WHAT YOU ARE ASKED TO DO:
Leave every picture out, and give again exactly the lines from the one containing "Creamos el circuito" through the end of the listing.

::::::::

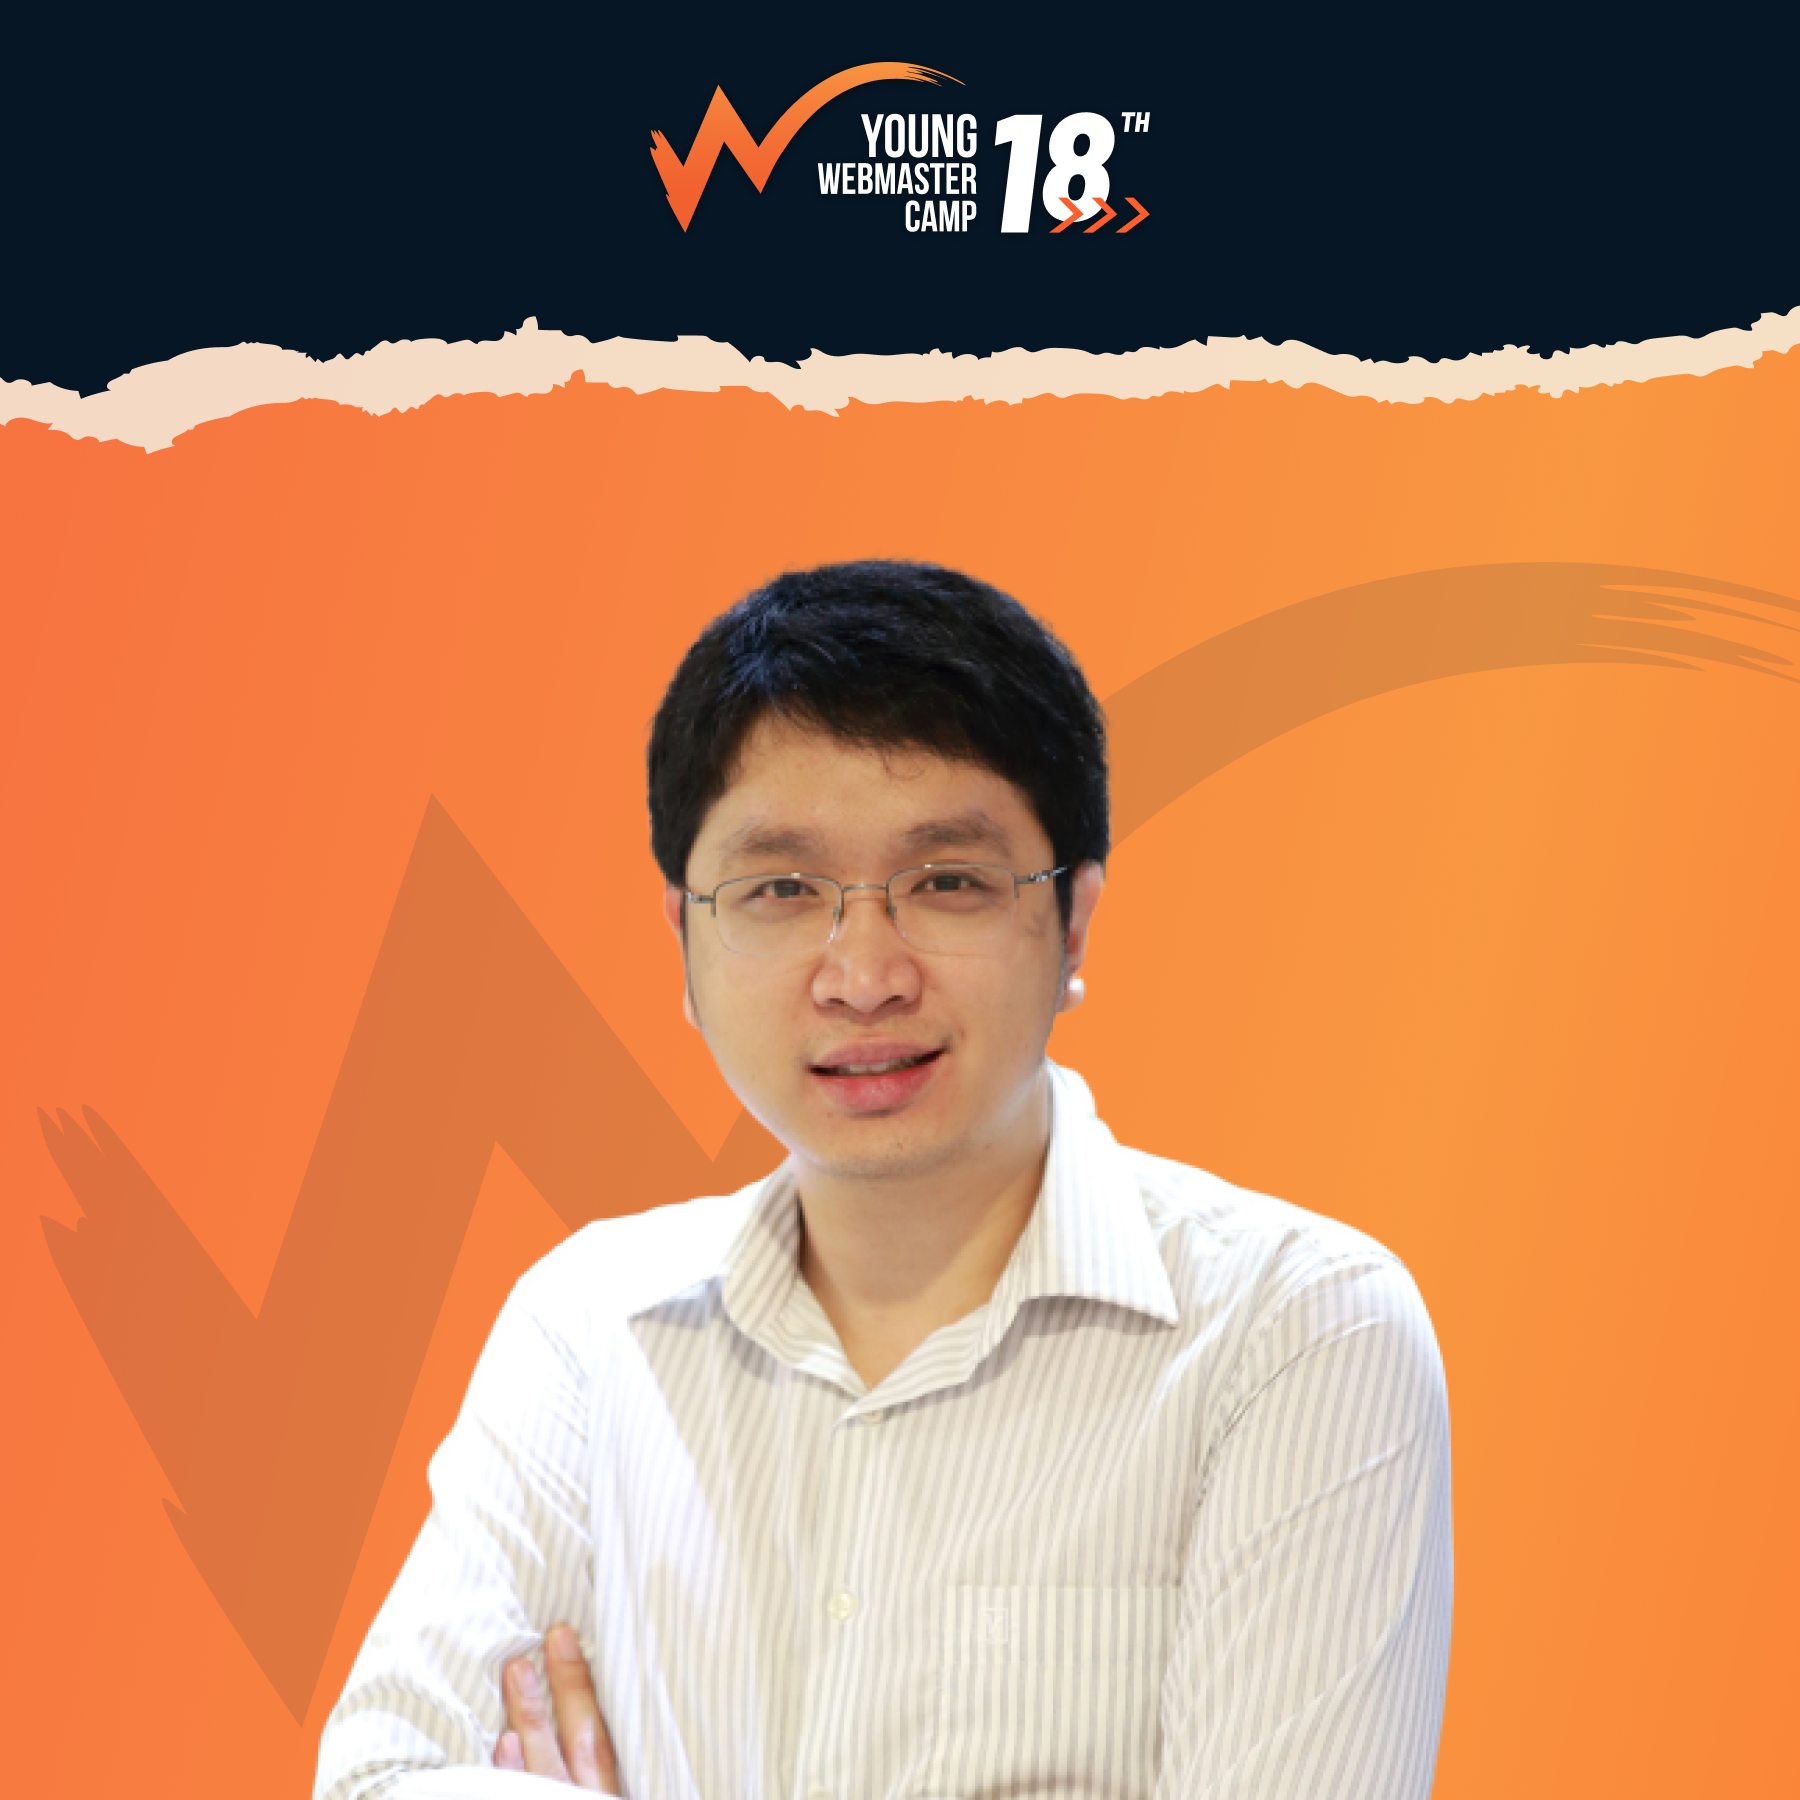 สมาคมผู้ดูแลเว็บไทย ปรับตัวรับโควิด จัดค่ายใหญ่ด้านดิจิทัล "Young Webmaster Camp ปีที่ 18" ออนไลน์ครั้งแรก
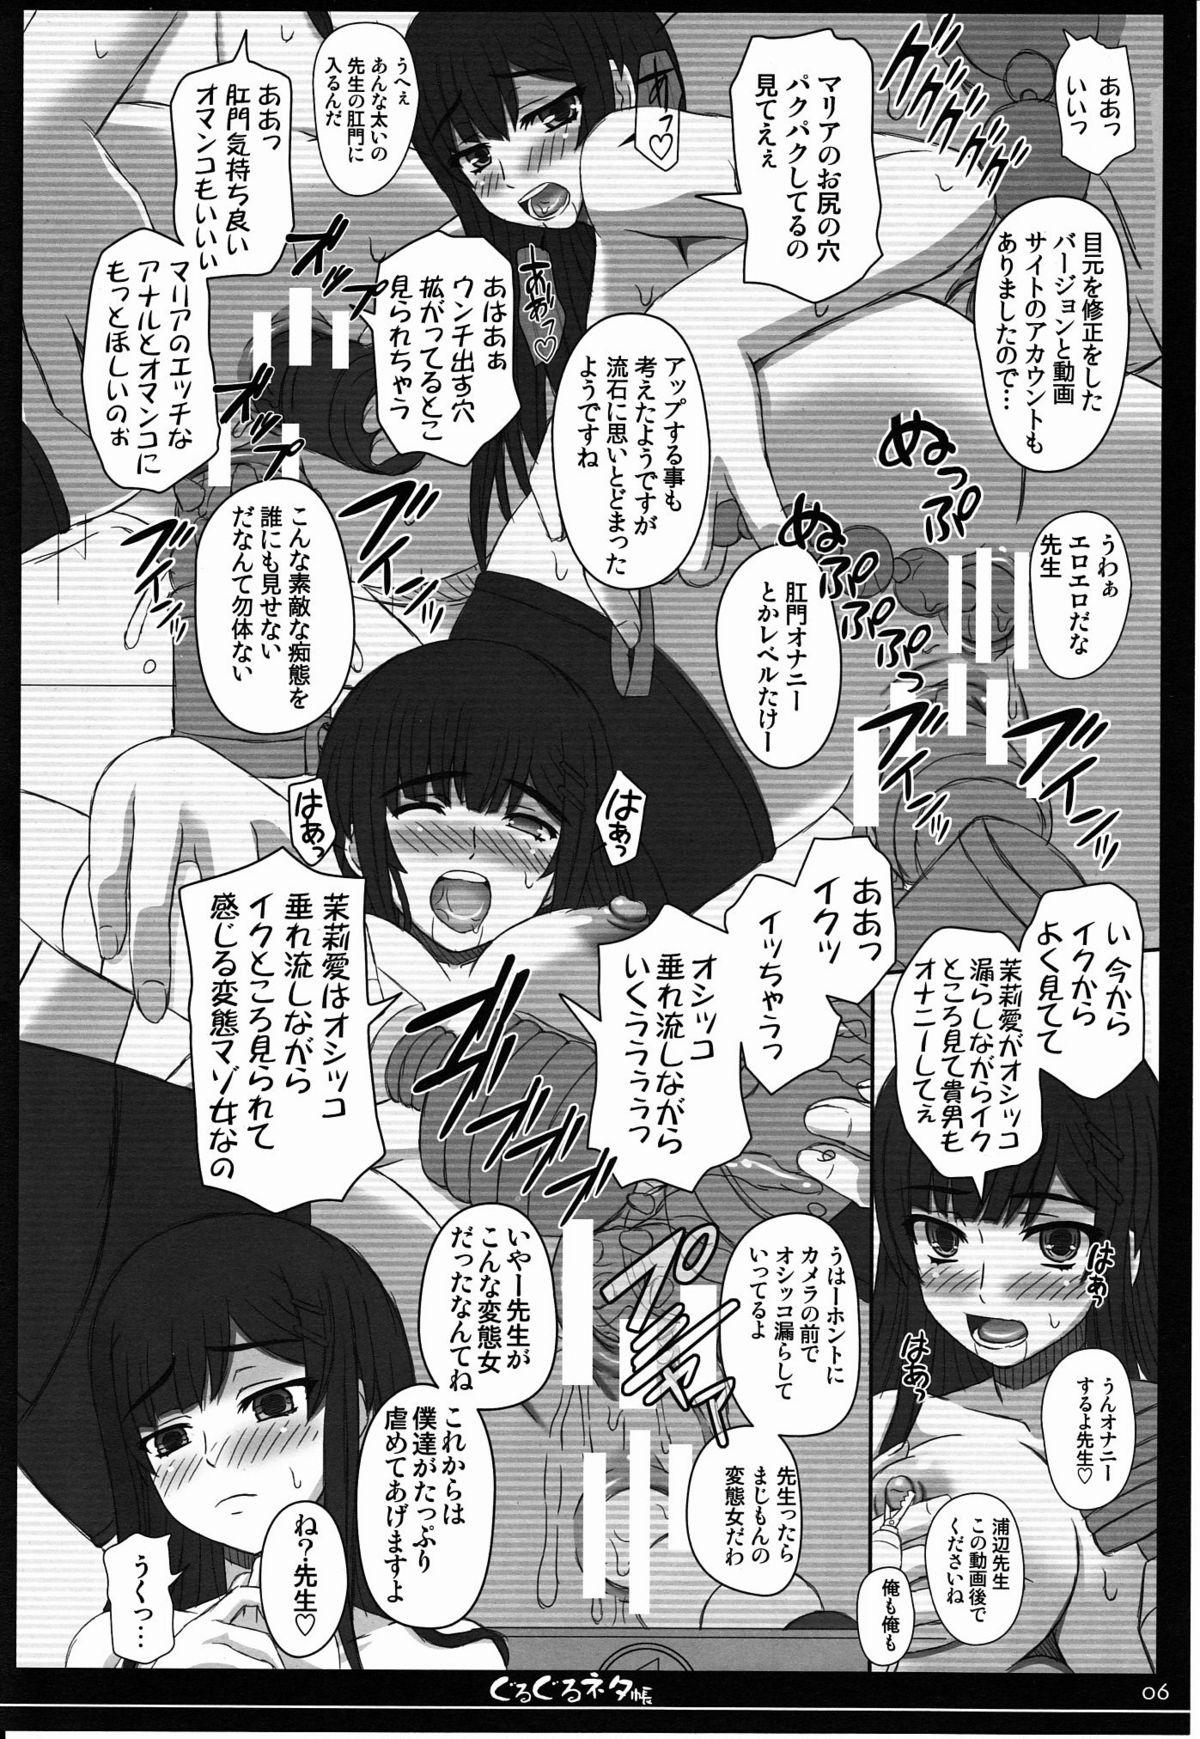 Putas Shiawase no Katachi no Guruguru Netachou 80 Spank - Page 5
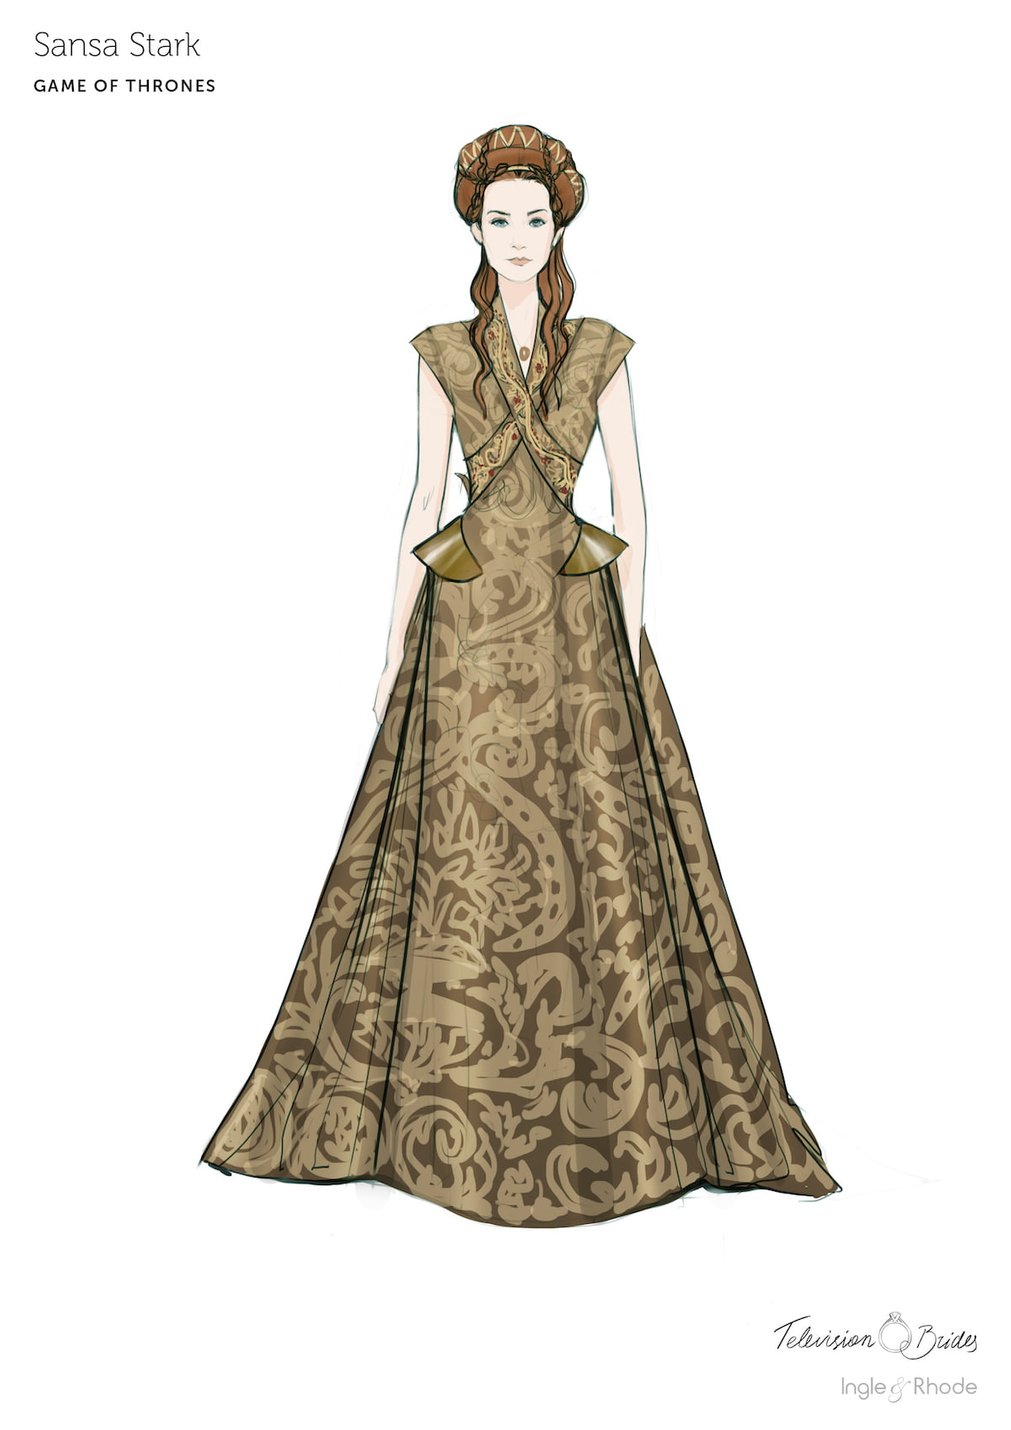 https://www.ingleandrhode.co.uk/files/3615/5540/7670/09_Game-of-Thrones-Sansa-Stark-wedding-dress.jpg
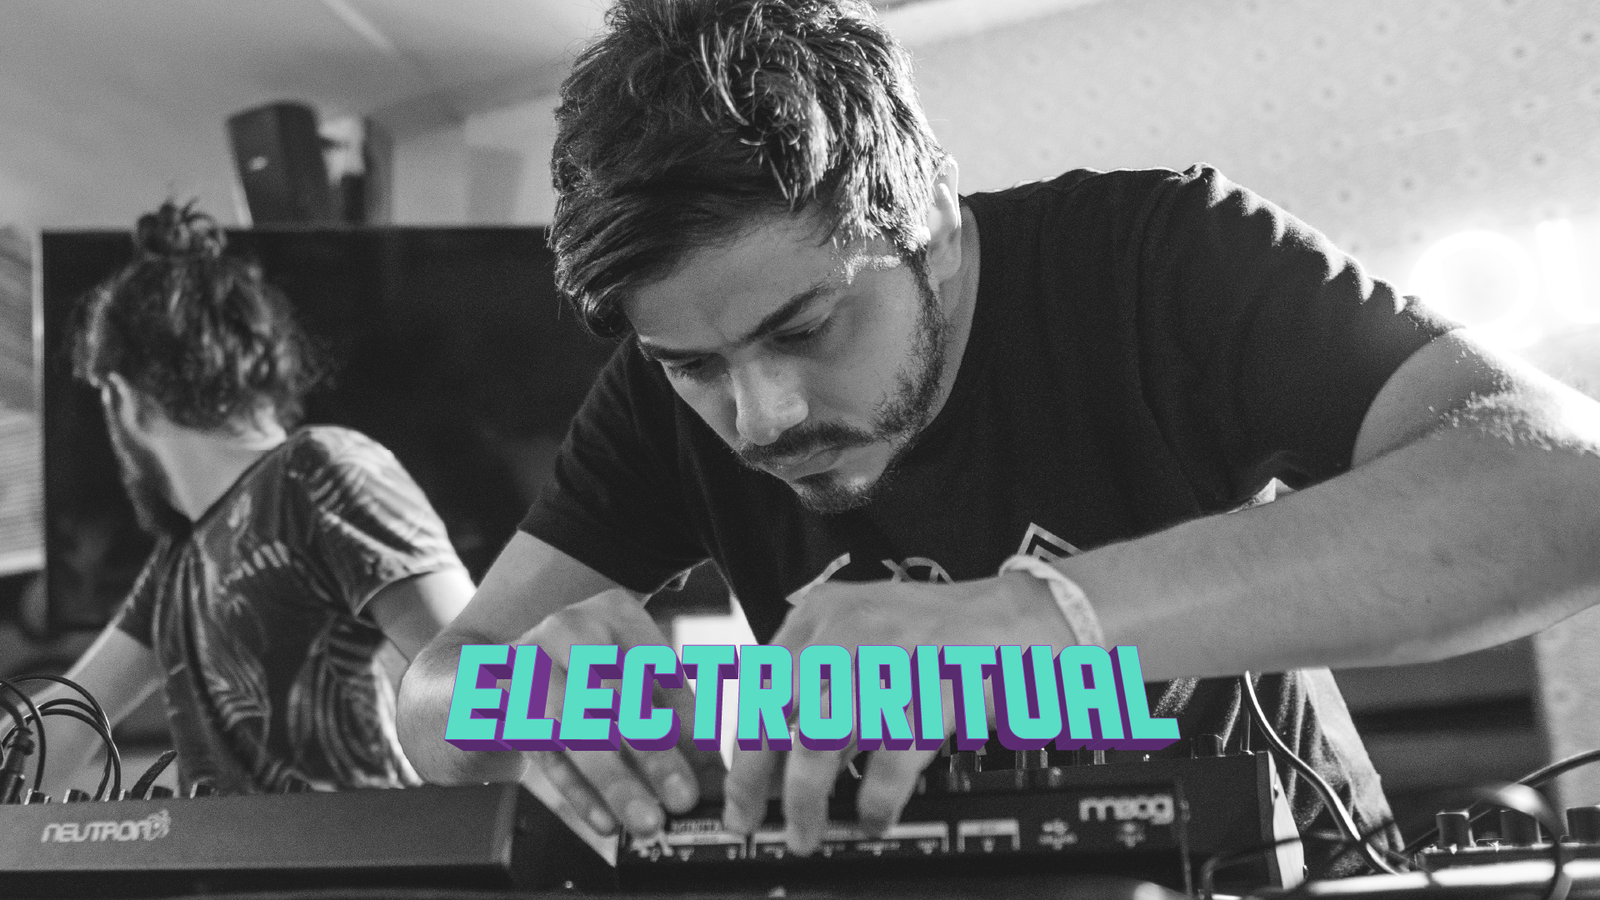 Creamos el circuito de eventos Electroritual, con el cuál hemos llevado a nuestros artistas de música electrónica a recorrer Colombia y hemos abierto espacios para artistas de todo el país
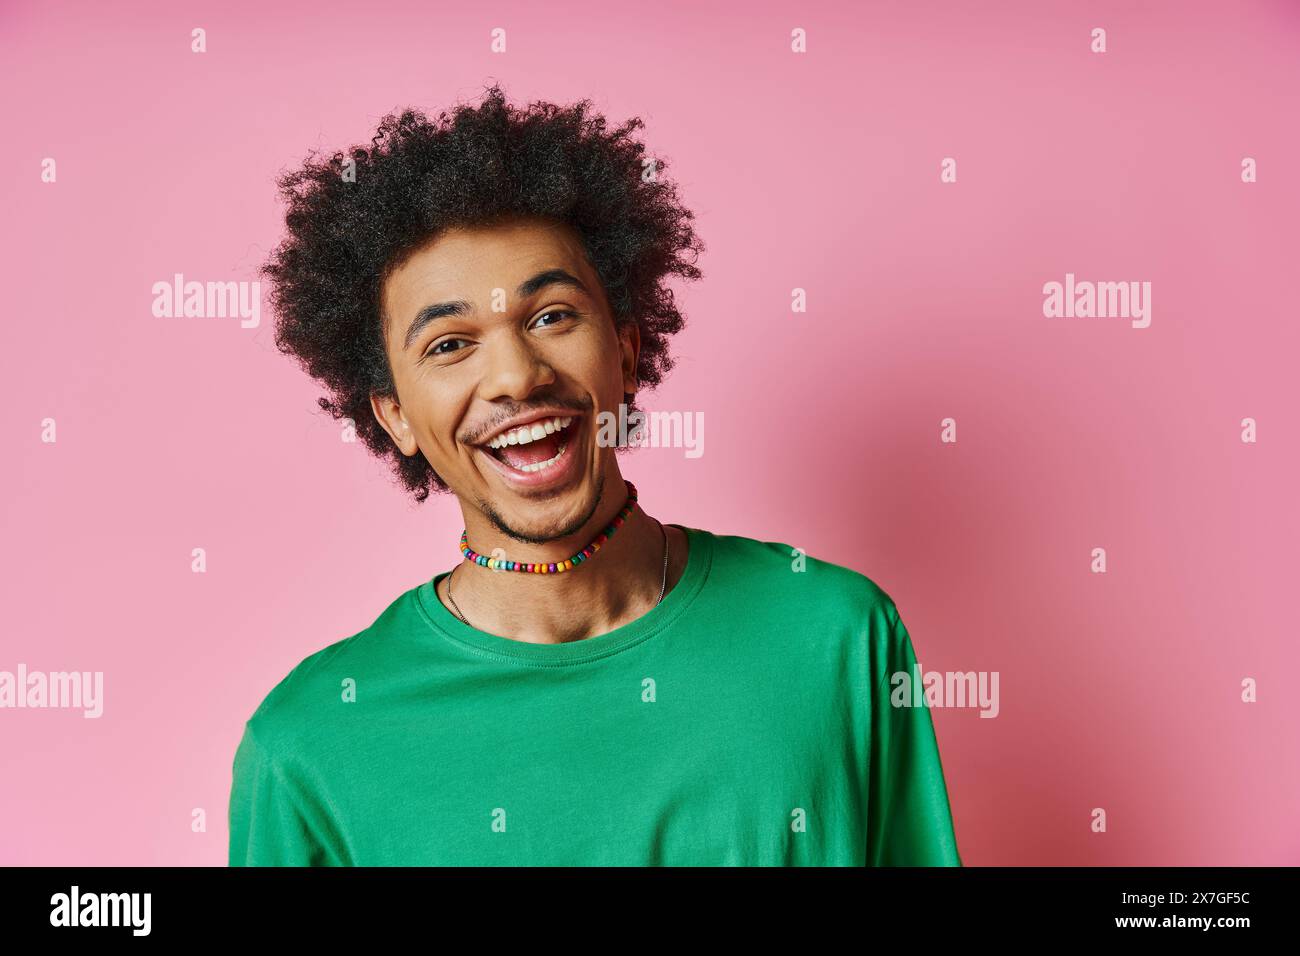 Ein fröhlicher Afroamerikaner mit einem lockigen Afro, der ein grünes Hemd trägt und Emotionen auf rosa Hintergrund ausdrückt. Stockfoto

::::::::

RESULT FOR THIS TASK:
 Creamos el circuito de eventos Electroritual, con el cuál hemos llevado a nuestros artistas de música electrónica a recorrer Colombia y hemos abierto espacios para artistas de todo el país
 Ein fröhlicher Afroamerikaner mit einem lockigen Afro, der ein grünes Hemd trägt und Emotionen auf rosa Hintergrund ausdrückt. Stockfoto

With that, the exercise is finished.